Skip to content
Advertisement

is there a method to conect to postgresql (dbeaver ) from pyspark?

hello i installed pyspark now and i have a database postgres in local in DBeaver : how can i connect to postgres from pyspark please

i tried this

from pyspark.sql import DataFrameReader

url = 'postgresql://localhost:5432/coucou'
properties = {'user': 'postgres', 'password': 'admin'}
df = DataFrameReader(sqlContext).jdbc(
    url='jdbc:%s' % url, table='tw_db', properties=properties
)

but i have an error

  File "C:Sparkspark-3.1.2-bin-hadoop3.2pythonlibpy4j-0.10.9-src.zippy4jprotocol.py", line 326, in get_return_value
py4j.protocol.Py4JJavaError: An error occurred while calling o37.jdbc.
: java.lang.ClassNotFoundException: C:/Users/Desktop/postgresql-42.2.23.jre7.jar

Answer

You need to add the jars you want to use when creating the sparkSession.

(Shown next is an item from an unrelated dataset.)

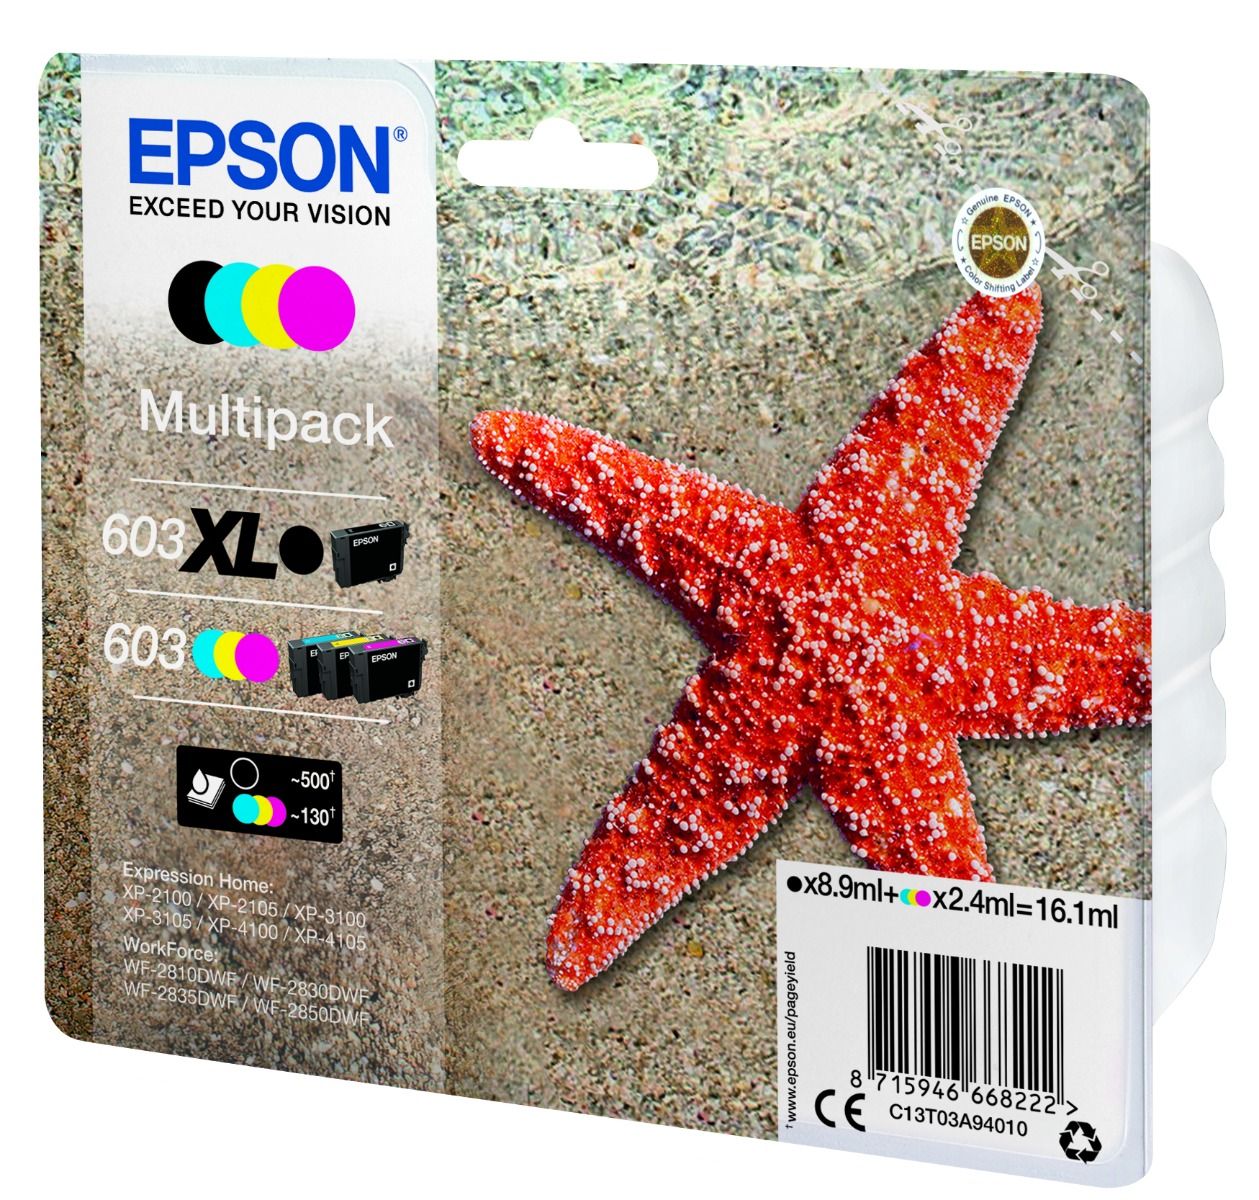 4 Color Epson 603XL Black, 603 CMY Ink Cartridge Multipack - T03A940

See this : https://spark.apache.org/docs/2.4.7/submitting-applications.html#advanced-dependency-management

Either when you start pyspark

pyspark --repositories MAVEN_REPO
# OR
pyspark --jars PATH_TO_JAR

or when you create your sparkSession objects

SparkSession.builder.master("yarn").appName(app_name).config("spark.jars.packages", "MAVEN_PACKAGE")
# OR
SparkSession.builder.master("yarn").appName(app_name).config("spark.jars", "PATH_TO_JAR")

You need maven packages when you do not have the jar in local or your jars needs some dependencies.